Now and again, between big triple-A releases and quirky indie games, I like to play an easy going story driven game to relax. So when I saw the chance to review The First Tree I took it, I knew very little of it but what I did know met this criterion. I had seen a few trailers and heard a bit about it, a touching story and easy-going gameplay that would cleanse my gaming palette after quite a few ‘heavy’ games I had played recently.
Immediately as the game started I knew this was going to be an emotional one, you take control of a fox who has lost its children and is on a journey to find them. It’s very sad, I know. Narrating over the top of all this is a couple who are discussing what is happening as if it’s a dream, all happening at the same time as their conversation evolves. The two stories are intertwined, both equally sad and heartfelt. Your story as the fox is to find your children, find out what happened to them and hopefully save them in the process. The story of the couple talking, is one of love, parenthood, loss and loneliness. It unfolds at the same time as the foxes story and they run parallel through the whole game unfolding in unison. The game tackles some hard issues such as death, adolescence and reconciliation and has quite the impact through this very short title.
Gameplay wise The First Tree is very simple, short and seems to just act as a tool to drive home the two hard-hitting stories that will be unfolding through the game. As you control the fox, you run, jump and explore a few connected areas and following bright stars that guide you on your path to the finish.
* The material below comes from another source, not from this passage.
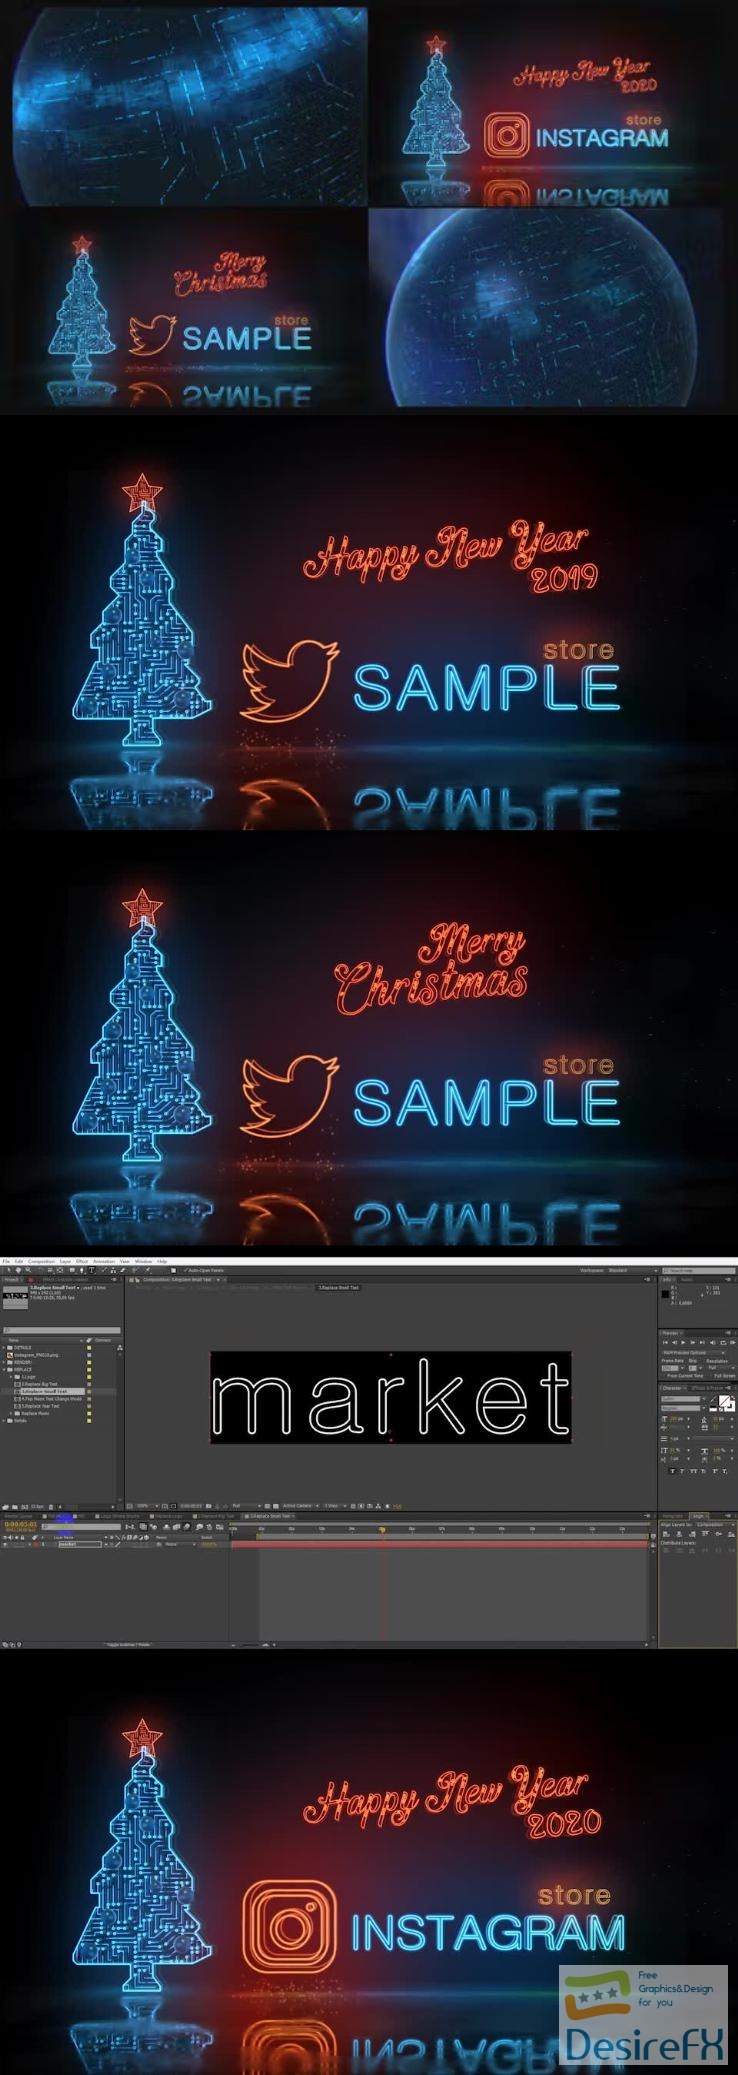 Videohive Happy New Year and Merry Christmas Digital Neon Logo Reveal 2 mode 22933077

On the way there are collectables to find, including the aforementioned stars, they give you a rough path to follow but off the beaten path are relics to dig up and other secrets to find. The relics that you dig up are things from the other story in the game, memories that the couple will address and as you find each of these artefacts their story unfolds. It’s a strange arrangement but it does work.
You do gain more moves and some of the areas do have a slight, and I mean slight, puzzle element to them. Gameplay wise this title is very light, there is a lot of running around and a lot of listening to the story of the couple get revealed as you find the numerous relics strewn through the game. There are hidden areas and more things to find but if you’re looking for deep gameplay and massive sprawling worlds look elsewhere. A lot of the time was spent just running through areas and it did drag a little here and there, I wished a few times it would just get on with it but this was very rare and it did not detract from the overall experience. This is definitely a story-driven title in it’s truest sense, a very slow pondering game of exploration collecting and facing life’s many emotional issues.
The visuals of The First Tree are wonderful, as they are in many of these types of games and fit the title perfectly. They help convey both of the stories and a few graphical issues aside are very pleasing to look at. The characters and environments are very crisp and bright and are a delight to meander through, some of the effects are very pleasing too, like the pink sky reflecting on the snow and the lighting, which is soft and elegant.
As you ponder through to the finish, you are treated to a beautiful soundtrack. Soothing piano arrangements that ebb and flow through the highs and lows of the game. It was my favourite part of the whole experience and fitted the game perfectly. It heightened the emotional parts of the game and was always pleasing on the ears. The sound effects were also on point, the snow cracked under your paws, the waterfalls pounded on the ground and the world was filled with soothing and wonderful sounds to soak in. The voice acting from the pair in the other story was very well done and this was important as they talked a lot, constantly narrating throughout and bad voice acting would have made the whole thing drag on.
Aside from a bit of texture pop in here and there the game performed admirably. The controls were simple and easy to get to grips with and anyone could play no matter their video game experience. I had no frame dips or stutters, zero crashes or glitches. It was very well made.
I enjoyed some of what this game had to offer, it’s not a bad game in any way, it has beautiful music and was a pleasurable experience to play. I just wished there was a bit more ‘game’ to it and I was more involved in the gameplay experience. I would have liked more puzzles and tasks but maybe that’s the point of it, you are supposed to be enjoying the story unwind and maybe more gameplay elements would have detracted from that. Both stories were touching and unfolded at a nice pace, had an emotional impact and were well written and acted out very well. The ending was nice and the community-based feature at the end was also a nice touch. If you are in the market for an easy to play, emotional game that you can relax while playing for a few hours, then this is the title for you.